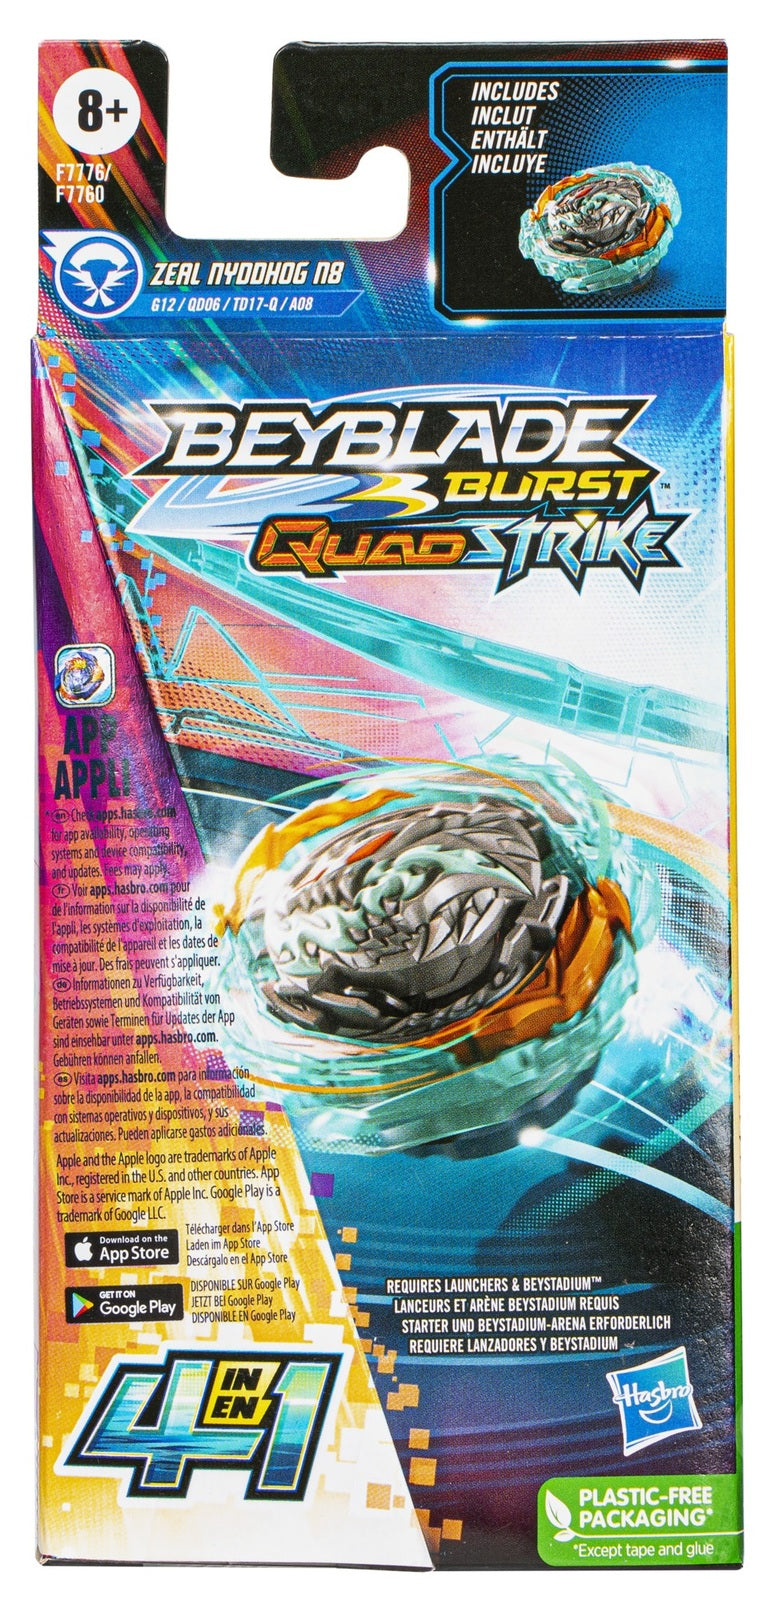  Beyblade Burst QuadStrike - Zeal Nyddhog N8 - Not
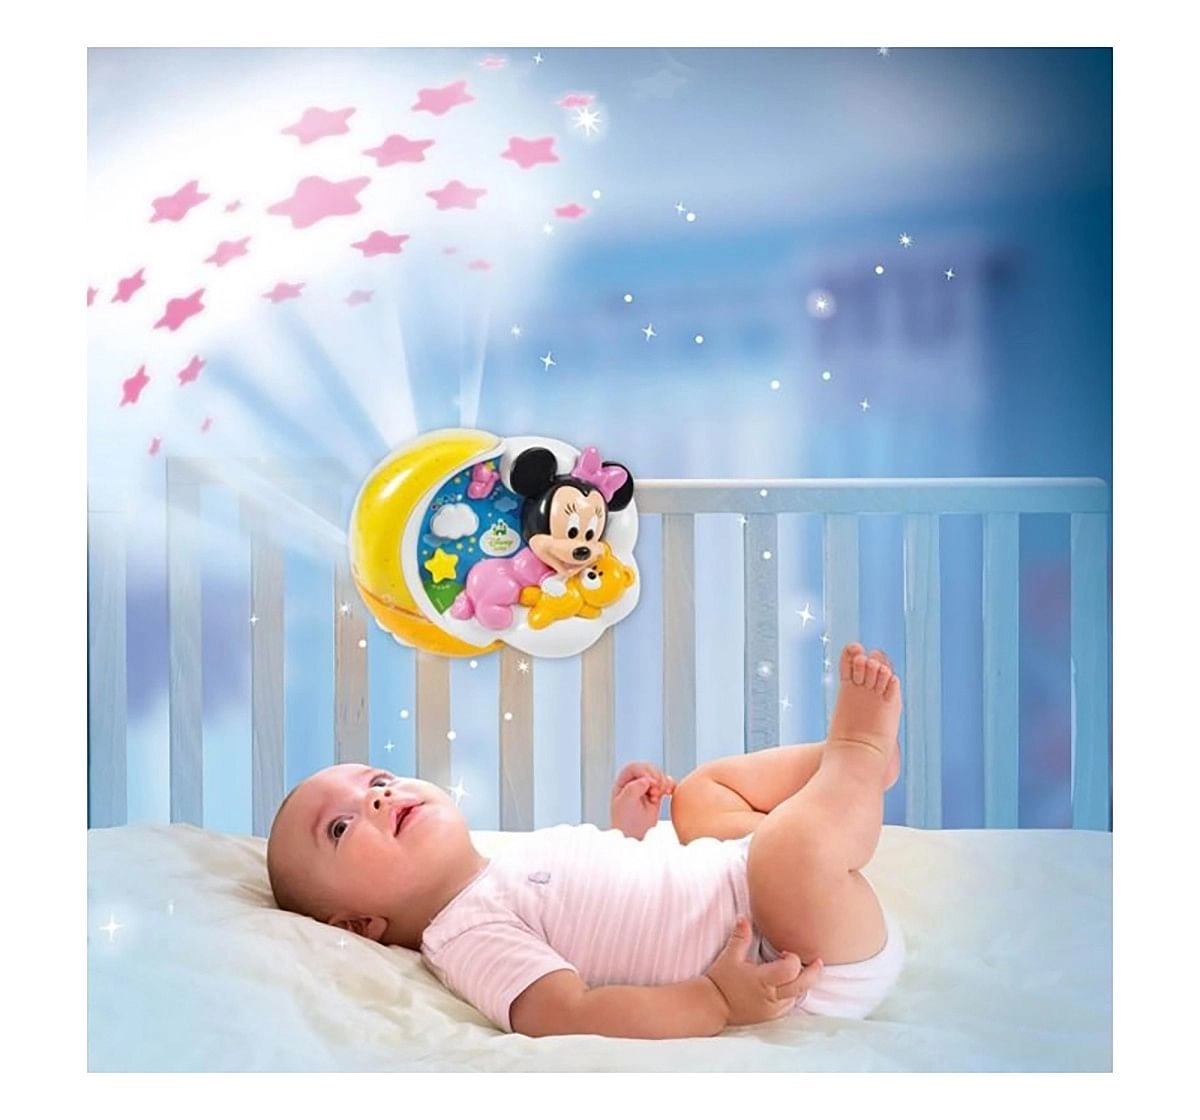  Disney Minnie Projector for New Born age 0M+ 
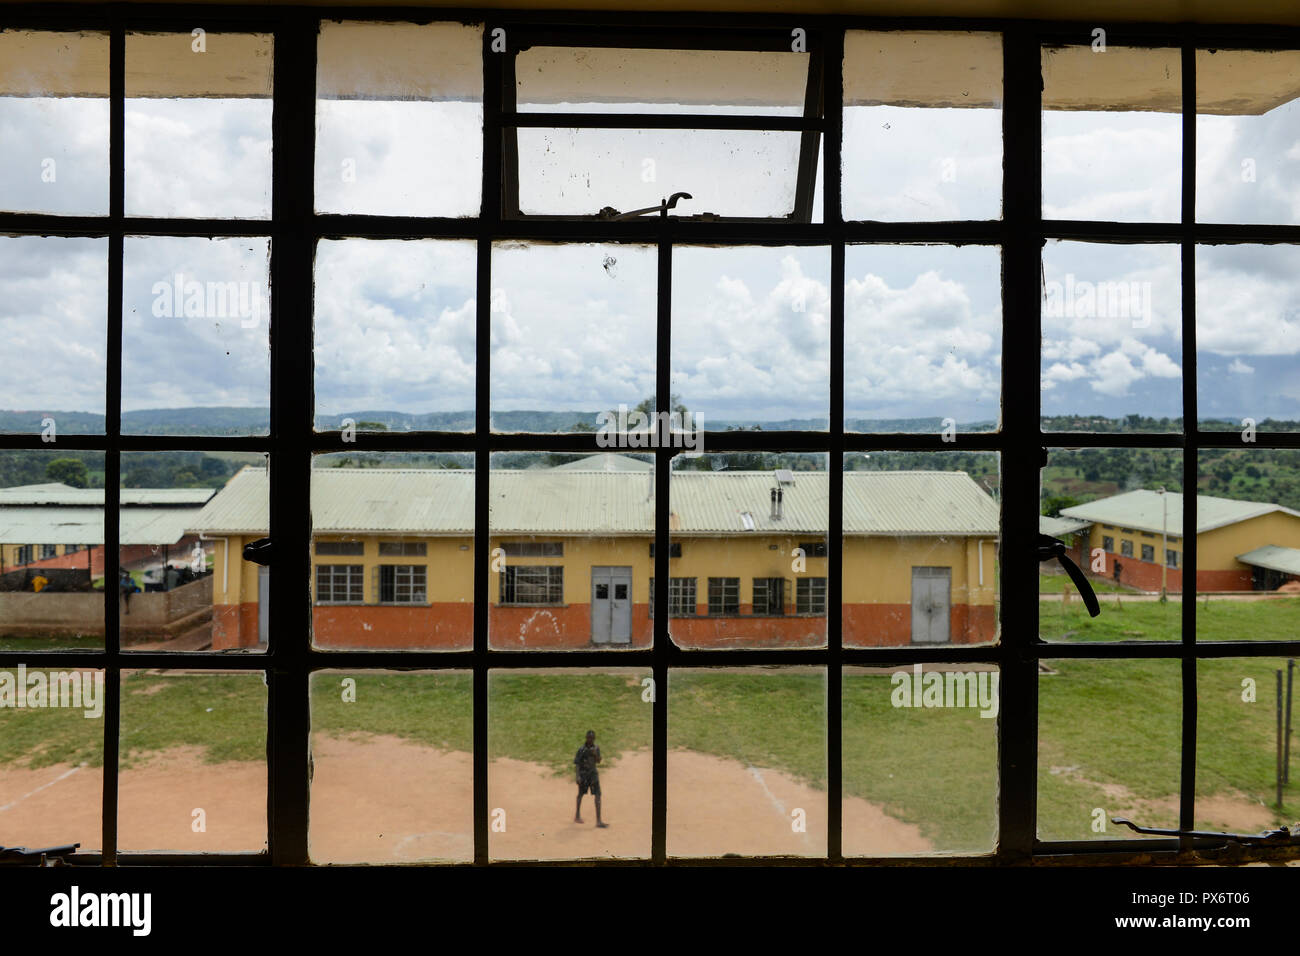 UGANDA, Kampala, Kampiringisa, nazionale centro di riabilitazione, un teenager-struttura di detenzione per bambini e giovani / Jugendhaftanstalt und Rehabilitationszentrum Kampiringisa Foto Stock
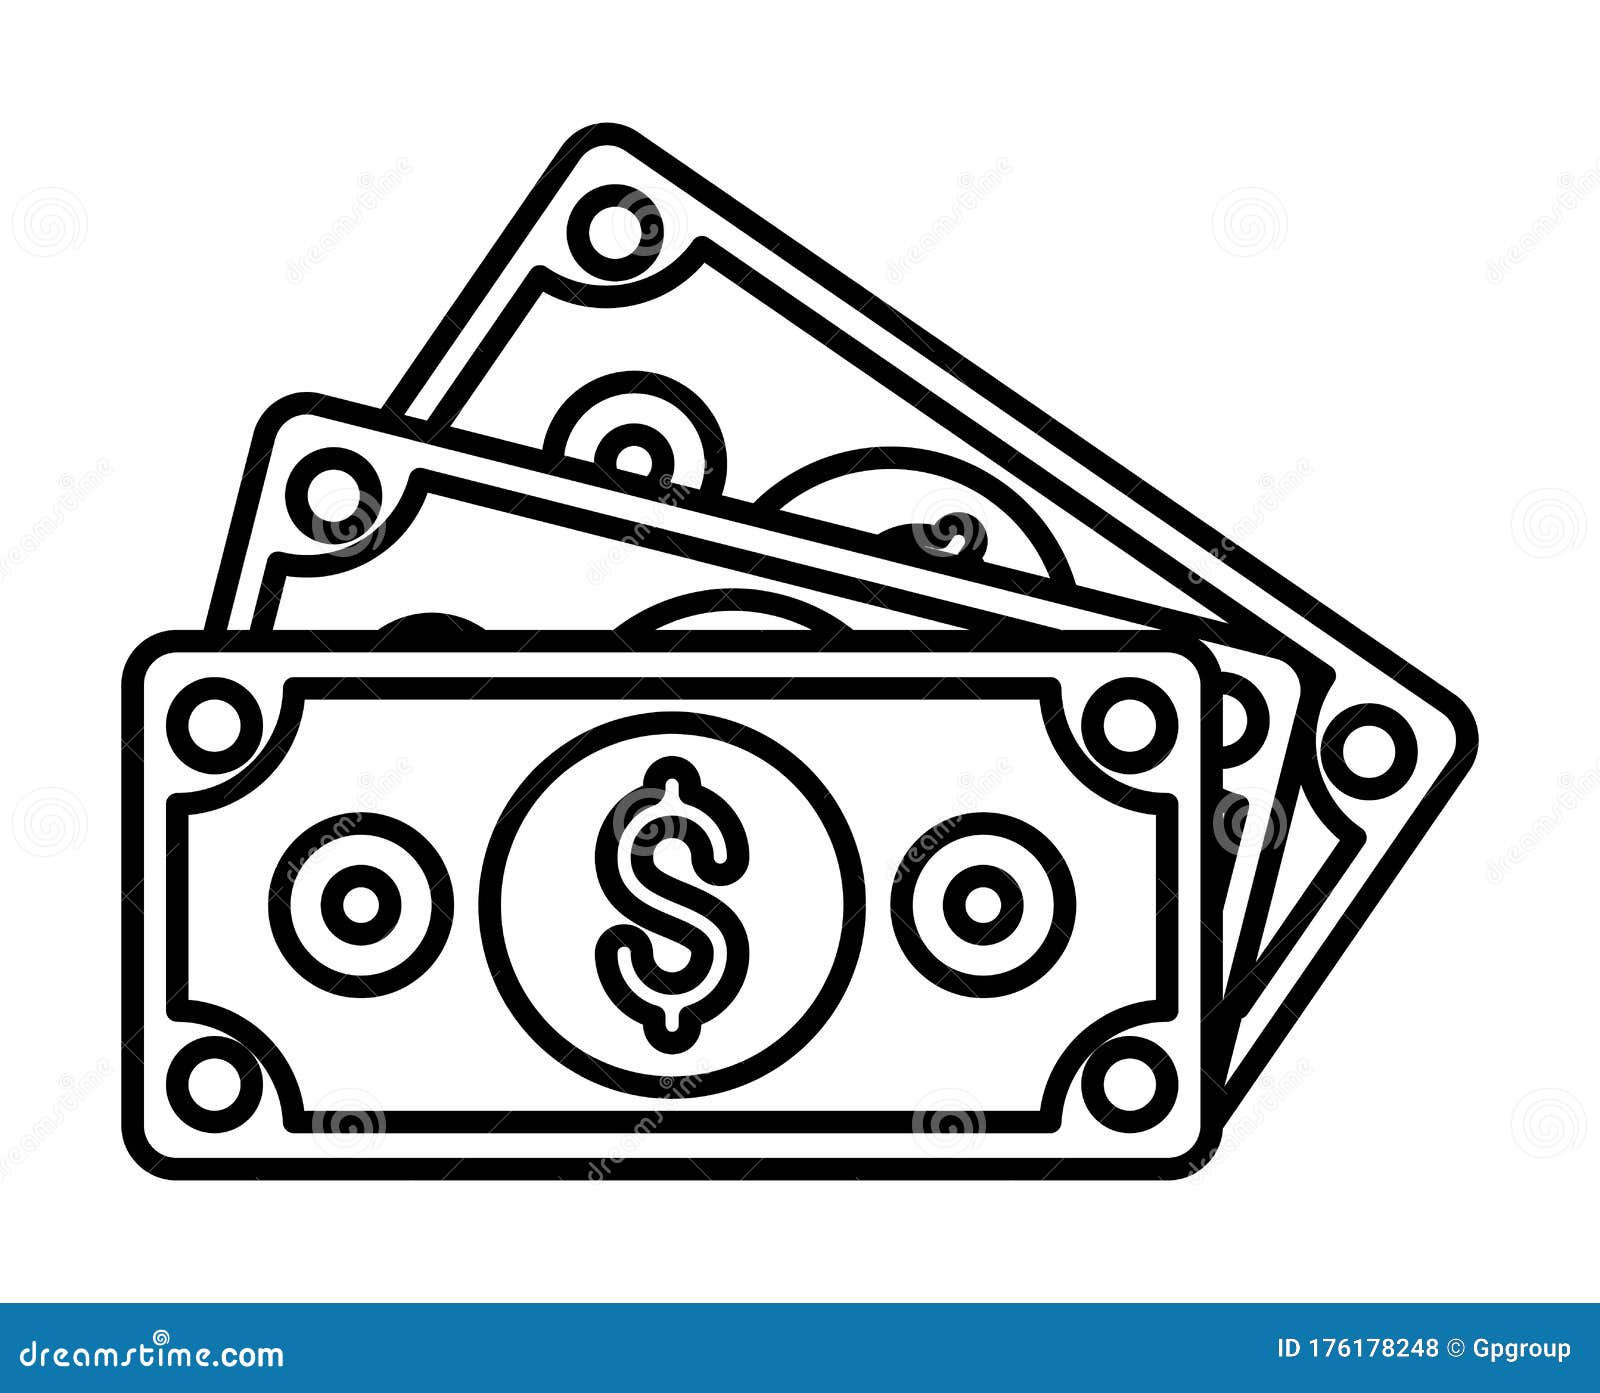 Isolated Money Bills Vector Design Stock Vector Illustration Of Finance Economy

**Task directions:** Retype the listing verbatim, minus every image.

**Response below:**
  Beyblade Burst QuadStrike - Zeal Nyddhog N8 - Not
  Disney Minnie Projector for New Born age 0M+ 
 UGANDA, Kampala, Kampiringisa, nazionale centro di riabilitazione, un teenager-struttura di detenzione per bambini e giovani / Jugendhaftanstalt und Rehabilitationszentrum Kampiringisa Foto Stock
 Isolated Money Bills Vector Design Stock Vector Illustration Of Finance Economy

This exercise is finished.